The United States Trustee may be in a good position to raise venue problems and file motions to change venue. One possible reform might include mandating this more active role, or to empower the judge to transfer venue on his own motion, where appropriate.

Professional Compensation: Does Bankruptcy Cost Too Much?

September 15, 1995

Kalispell, Montana

Among the most extraordinary costs associated with bankruptcy reorganization and liquidation cases are professional fees. Under the former Bankruptcy Act, an "economy of administration" standard was utilized to determine professional fees, resulting in the lowest reasonable fee paid to professionals. With the 1978 Code came a "cost of comparable services" standard, which permits a court to award fees at the same hourly rates paid to professionals providing services outside the bankruptcy context.

Currently, the debtor or the estate must pay not only the fees and expenses of its own professionals (attorneys, accountants, investment bankers, etc.), but also those of professionals hired by official committees of creditors and equity holders, and those retained by secured creditors. While the fees paid in large cases receive national scrutiny and much criticism, this may be an area of more "heat" than "light". A national survey by the ABI in 1991 suggests that (a) there is ample scrutiny of fee requests by interested parties and the courts; (b) there is broad evidence of disuniformity in the courts' fee practice around the country, but little evidence of professionals' abuse, except in rare mega cases, and (c) the burden of fees falls most disproportionately on smaller business cases and is often a factor in the failure of these cases. For example, fees as a percentage of available assets are no more than 5% in most average to large sized cases, but 25-33% in smaller chapter 11's. There is also evidence that market competition among professionals in the larger cases is driving down some costs as the number of these cases decline.
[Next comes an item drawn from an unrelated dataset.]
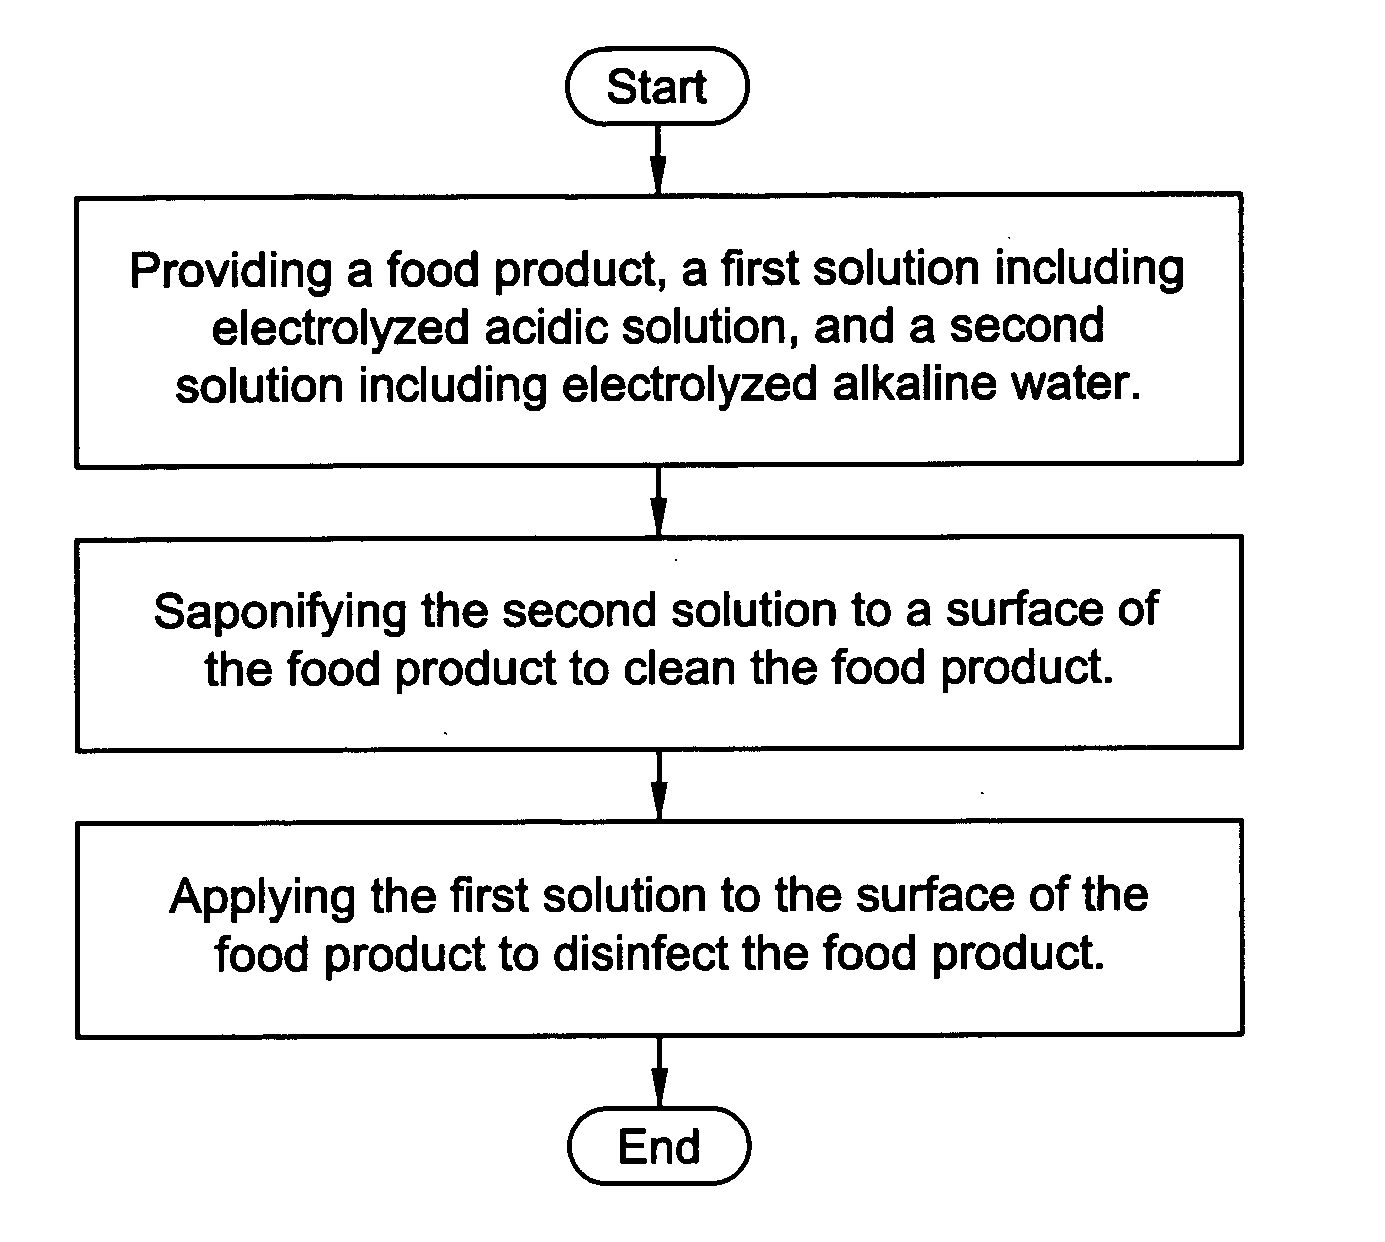 Electrolyzed water treatment for meat and hide

In the consumer bankruptcy area, a study of panel trustees finds that a combination of the lawyer marketplace (including advertising and certification), trustees and the courts have worked to control fees, largely to the debtor's benefit. Because effective lawyering can increase the distribution to creditors beyond the expense to the estate, it is probably unwise to impose fee caps or other arbitrary controls. Bankruptcy "mills" continue to be a problem for both the courts and debtors, due to the costs needed to repair errors in the representation by the mills.

The U.S. Trustee is responsible for conducting a rigorous review of professional fee applications. They can play an especially useful role in smaller cases lacking active creditor involvement. Some believe uniform national fee guidelines can help, while others prefer the standards to be flexible enough to reflect local practice. Fee auditors are employed in some larger cases to good effect to find abusive practices. Another recent development is the concept of "fee budgeting" in large cases. While potentially helpful, budgets may not be flexible enough to deal with the unpredictability of bankruptcy practice.